When using Raman, the tagging of small molecules for the identification of the sample's
chemistry is required, which means overcoming certain challenges such as the behavior of the
sample changing dependent on labels added to it. For example, glucose is often times tagged as
small molecules tend to take up more glucose quickly. Through addition of an alkyne moiety,
which have a triple bond which has a higher vibrational frequency, to the glucose which small
molecules are taking up more rapidly, we have the potential to see where these molecules are
going and traveling to. This means we have the capability of tracking where small molecules are
going without any side effects of the small molecules because cells can metabolize glucose with
the alkyne moiety with little to no complications.
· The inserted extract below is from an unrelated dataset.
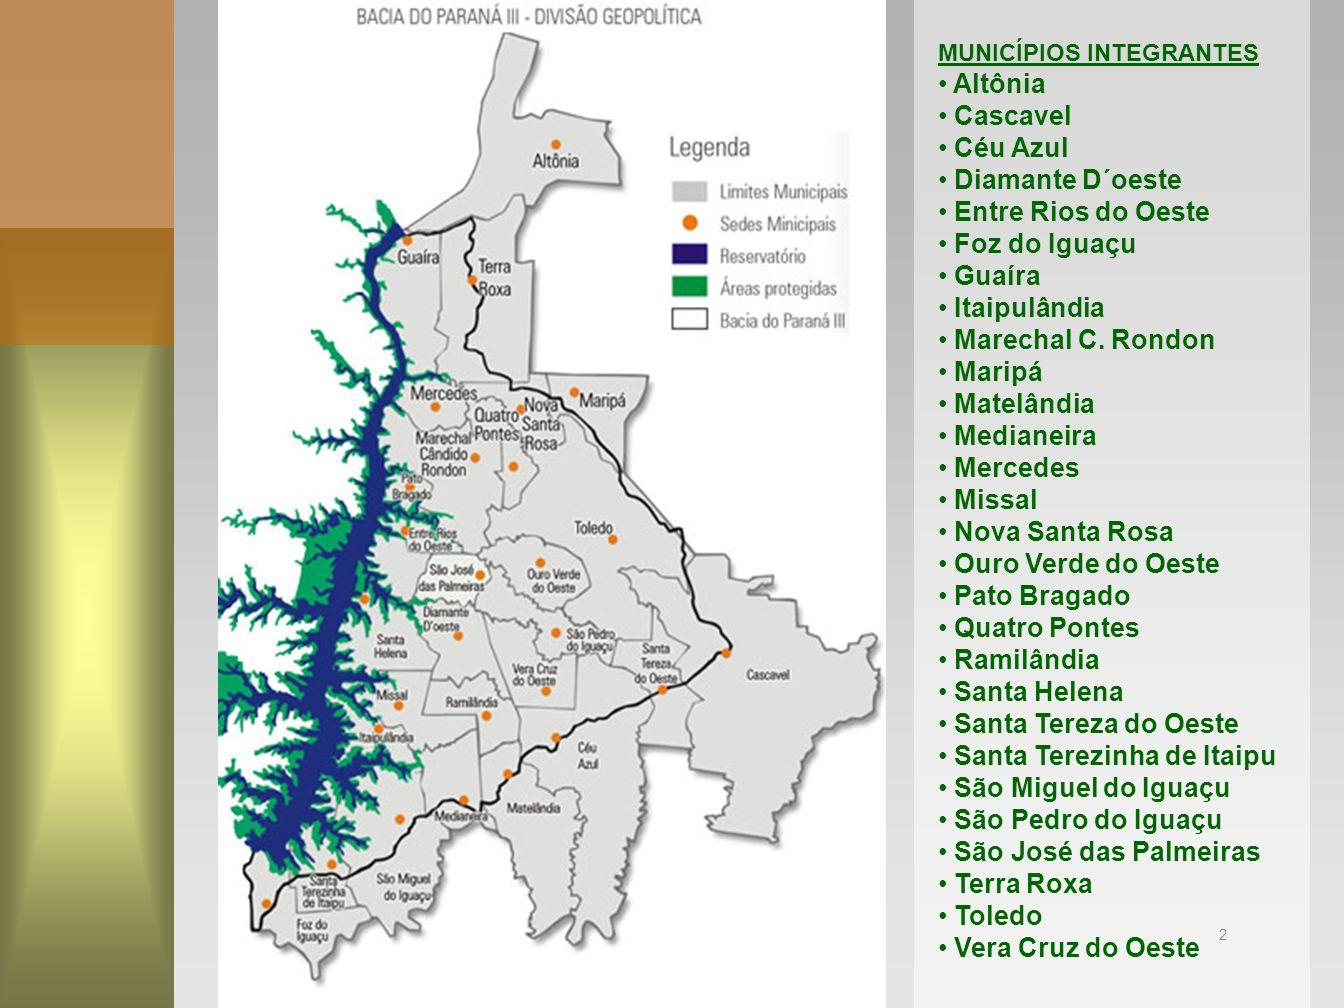 Santa Terezinha de Itaipu São Miguel do Iguaçu São Pedro do Iguaçu

Using a vibrational imaging technique such as
Raman can help identify important information in the identification of proteins such as the
"...conformation or orientation of constituent molecules and sub-molecular groups, local
hydrogen-bonding interactions and time dependence of structural or organizational properties[2]."
Raman data collection is often compared to FTIR. Even though some challenges of
Raman may be the signal-to-noise levels are considered inferior as it is difficult to compare
scattering sensations and quantifying those sensation. However, because FTIR lacks the
capabilities to produce a spectrum as it collects information through the use of an interferograms
(which then undergoes a Fourier Transform to produce a spectrum), Raman spectrums are
preferred due to the information that it can provide about localized molecular vibrations. These
vibrations between the atoms, creates the signal to generate a Raman band, usually associating
both polarity as well as dipole moments or bias towards a more electronegative atom.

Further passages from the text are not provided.